Rudolf Gröger was President of the university from 2009 to 2015. In August 2017, Alfred Gossner took over the office until December 2024. Jörg Schwitalla has been the President of Munich Business School since March 2025.

== Accreditation and rankings ==
All MBS Programs are accredited by the Bavarian Ministry for Education, Cultural Affairs, Science and the Arts (Bayerisches Staatsministerium für Bildung und Kultus, Wissenschaft und Kunst) and the FIBAA (first accredited in 2007 and re-accredited in 2013). As first private university in Bavaria, Munich Business School received institutional accreditation by the German Council of Science and Humanities in 2010, granting it an unlimited state accreditation, and confirmed it in 2015.

|  | 2018 | 2016 | 2011 | 2010 | 2009 |
|---|---|---|---|---|---|
| Wirtschaftswoche (national university of applied sciences ranking) | 6th | 7th | 6th | 8th | 9th |

== Student Enrollment and International Diversity ==
Munich Business School has experienced steady growth in student enrollment in recent years. Since 2020, the number of enrolled students has increased from 832 to 1,002 in 2024. The diversity of nationalities represented within the student body has also expanded, rising from 75 in 2020 to 82 in 2024. In 2024, the largest student groups come from Germany, India, China, Taiwan, the United States, Italy, and Spain.

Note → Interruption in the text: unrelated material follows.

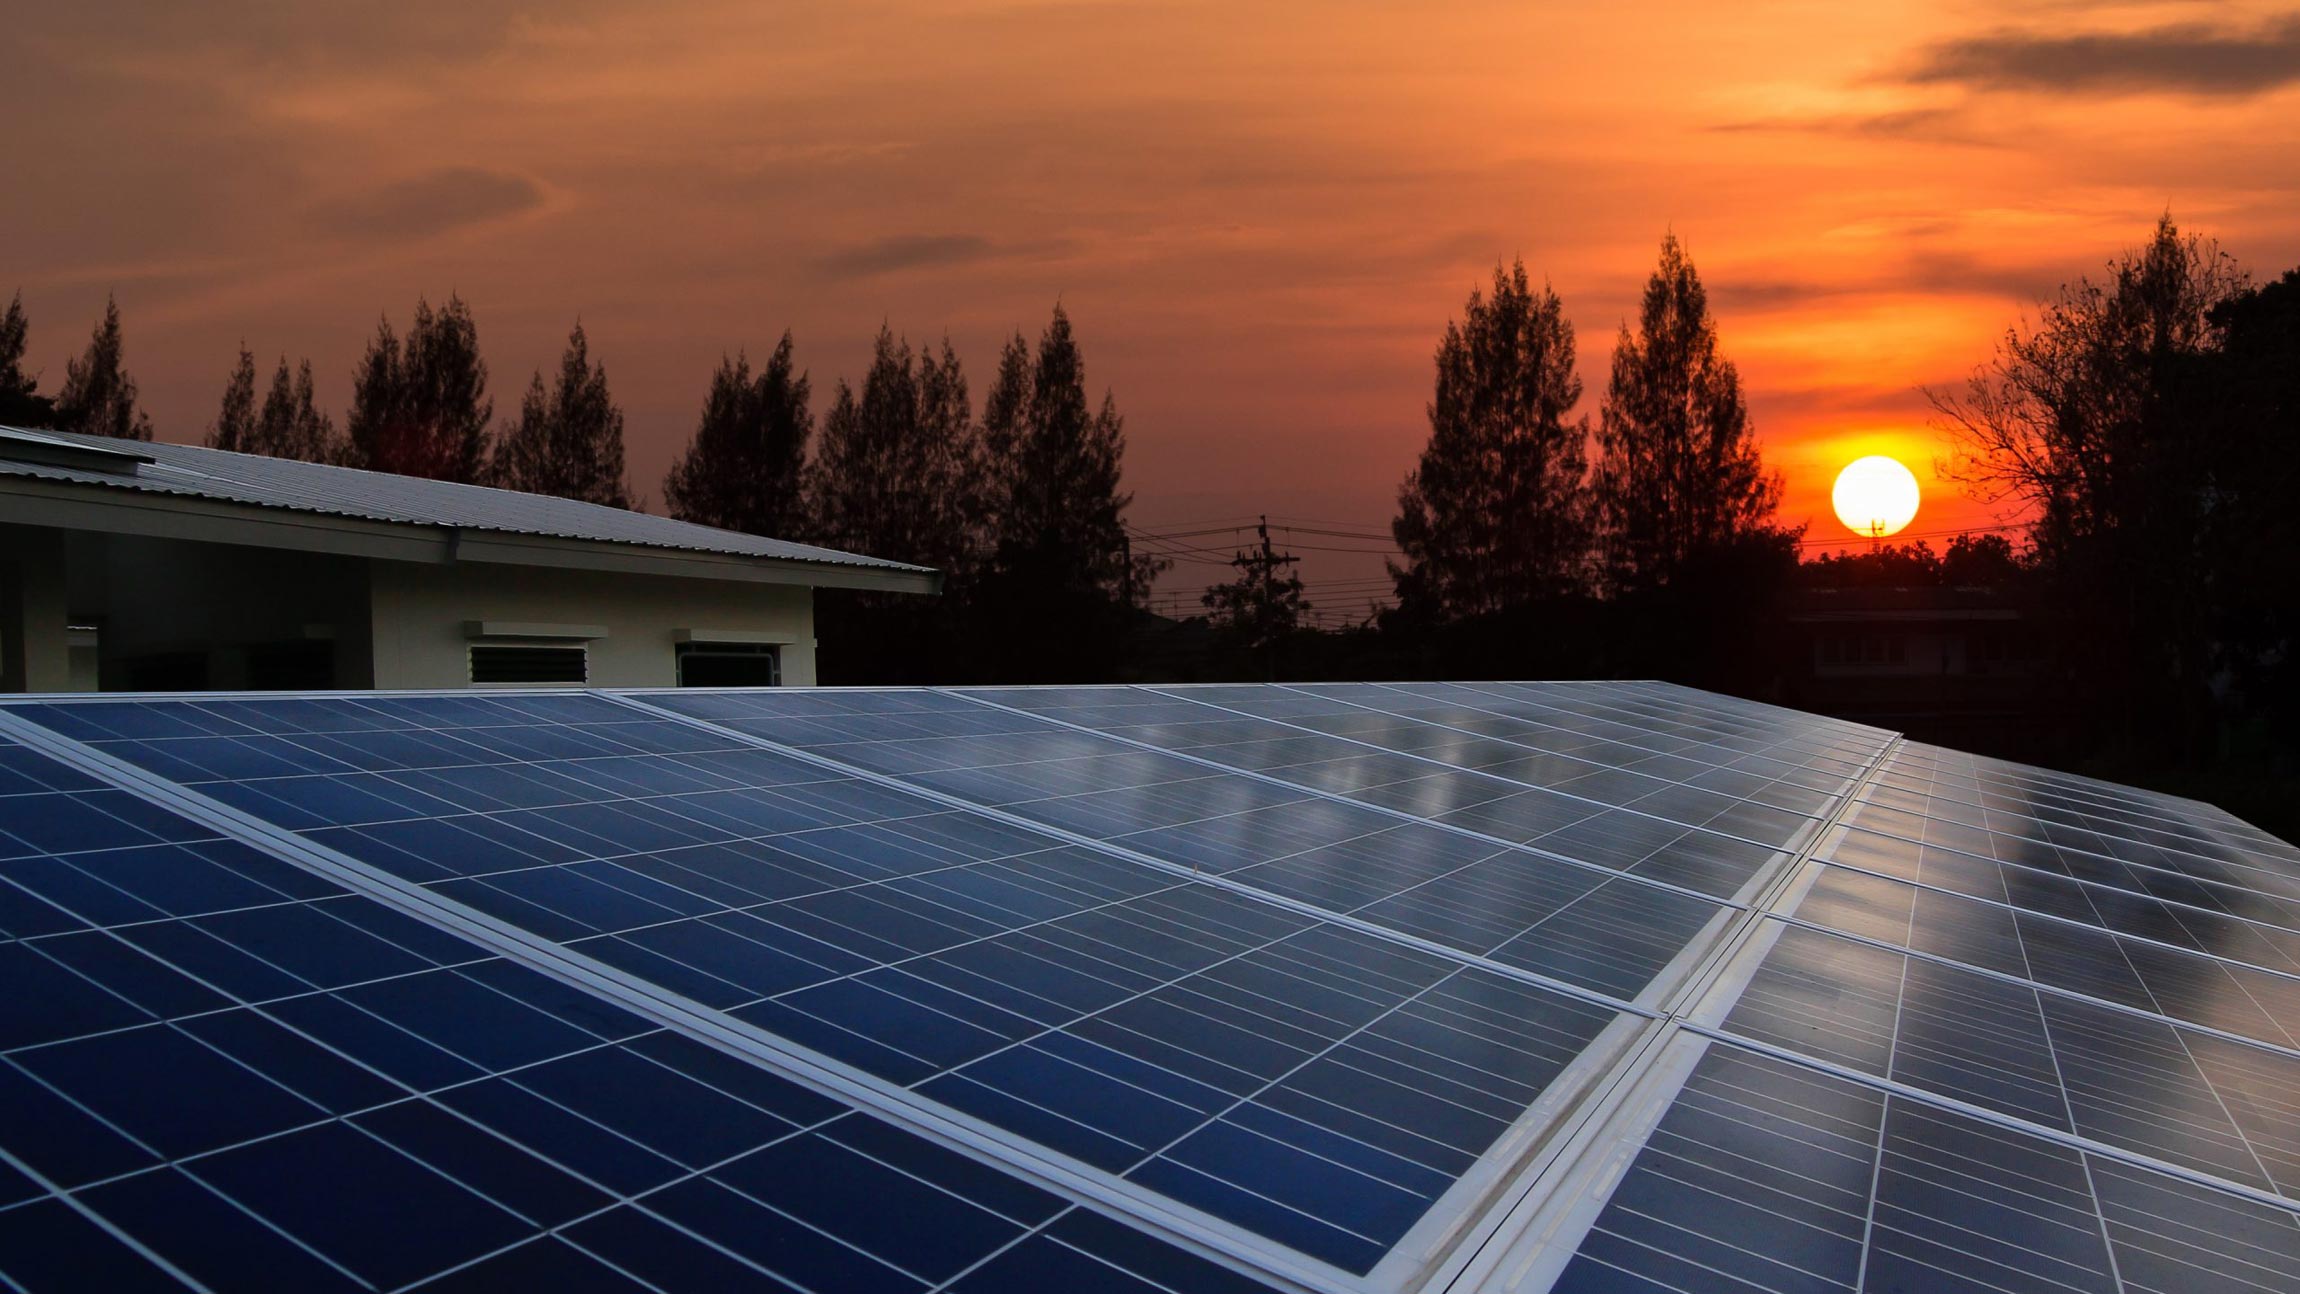 Armstrong, leveraging its partnership with Beringea, acquires portfolio of commercial rooftop solar assets developed by Eden Sustainable

| Year | Enrolled Students | Nationalities |
|---|---|---|
| 2020 | 832 | 75 |
| 2021 | 850 | 81 |
| 2022 | 883 | 80 |
| 2023 | 891 | 88 |
| 2024 | 1,002 | 82 |

== Study programs ==
Munich Business School confers degrees exclusively in business administration. The university provides Bachelor's, Masters, MBA programs and a terminal DBA degree in cooperation with Sheffield Hallam University as well as double degree programs in cooperation with numerous other business schools from around the world. Courses available in German and English.

==Partner universities==
Munich Business School partners with over 60 universities worldwide:

- Argentina: UADE Business School (Buenos Aires)
- Australia: Bond University (Gold Coast), University of Melbourne (Melbourne)
- Austria: MCI Management Center Innsbruck (Innsbruck)
- Canada: Brock University (St. Catharines), Université Laval (Québec), University of Victoria (Victoria)
- China: Fudan University (Shanghai), Tongji University (Shanghai), University of Hong Kong (Hong Kong)
- Croatia: Zagreb School of Economics and Management
- France: Skema Business School (Sophia Antipolis/Lille/Paris), INSEEC Business School (Paris/Bordeaux)
- Great Britain: Oxford Brookes University (Oxford), Regent's University London
- Hungary: Corvinus University (Budapest)
- Italy: Università Bocconi (Milan)
- Mexico: ITESM/ EGADE Business School (Monterrey)
- New Zealand: University of Auckland (Auckland)
- Peru: ESAN University (Lima)
- Poland: Kraków University of Economics (Kraków)
- Singapore: Singapore Management University (Singapore)
- South Africa: University of Cape Town (Cape Town)
- South Korea: Seoul National University (Seoul)
- Spain: Universitat Pompeu Fabra (Barcelona)
- USA: Boston University (Boston), Florida International University (Miami)

==Notable lecturers and alumni==

- Jack Nasher - author and negotiation advisor
- Philipp Brinkmann - entrepreneur and CEO of Tripsta S.A.